*TASK DESCRIPTION*
Below is a listing. Quote from it, exactly, the lines from the one containing "inscreed-mat-and-cable-floor-heater-examples.png" down to the one containing "Train on raised", both ends included, and nothing else.

*DATA FOR REVIEW*
=== Section Start ===
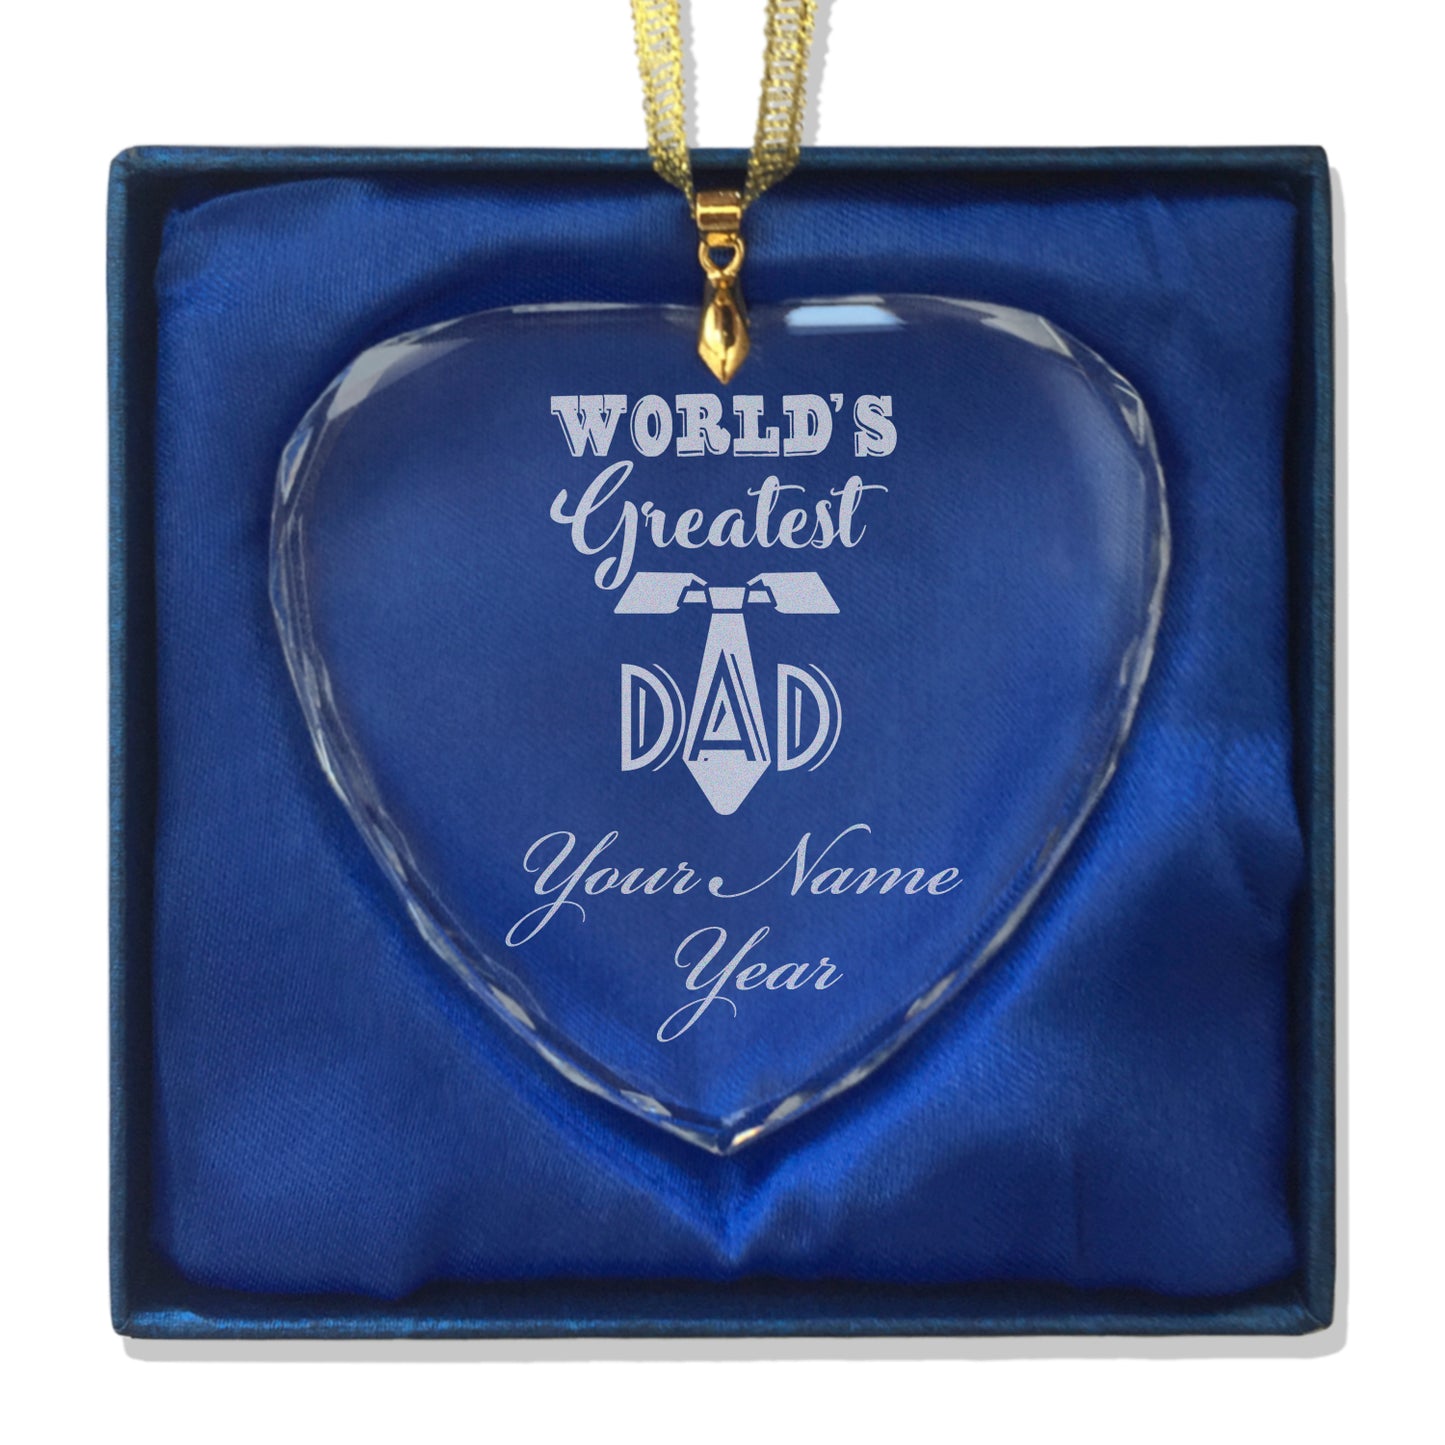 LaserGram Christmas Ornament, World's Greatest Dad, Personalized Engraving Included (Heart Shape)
=== Section End ===
=== Section Start ===
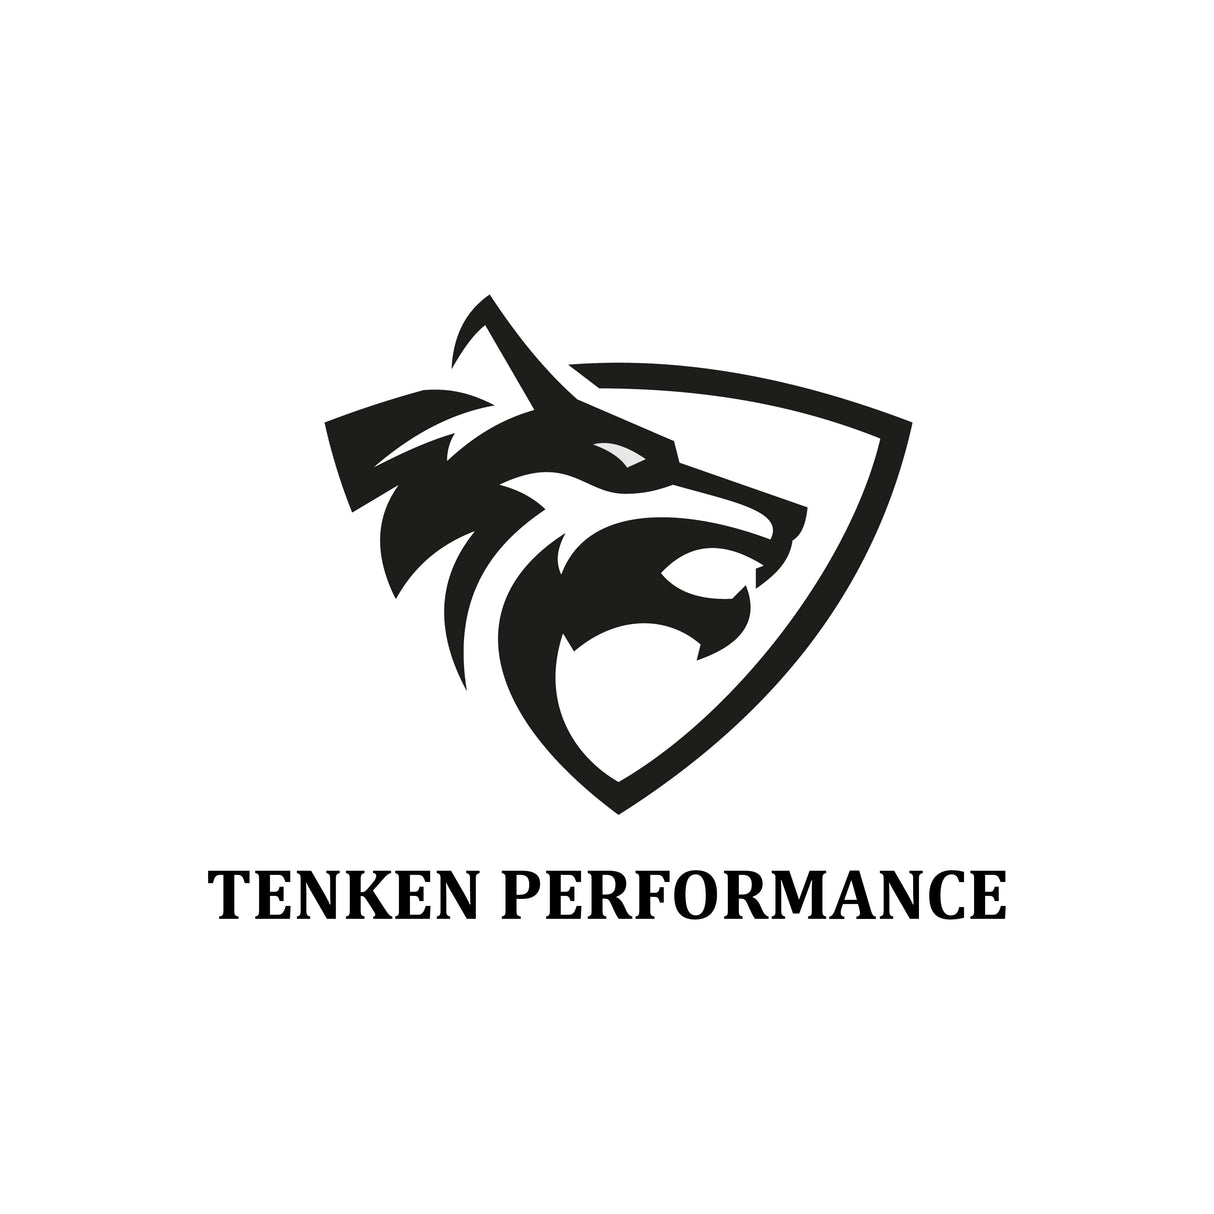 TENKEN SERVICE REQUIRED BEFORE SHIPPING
=== Section End ===
=== Section Start ===
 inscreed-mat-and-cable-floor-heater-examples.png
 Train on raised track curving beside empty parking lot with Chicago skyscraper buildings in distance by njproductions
=== Section End ===
*TASK RESULT*
 inscreed-mat-and-cable-floor-heater-examples.png
 Train on raised track curving beside empty parking lot with Chicago skyscraper buildings in distance by njproductions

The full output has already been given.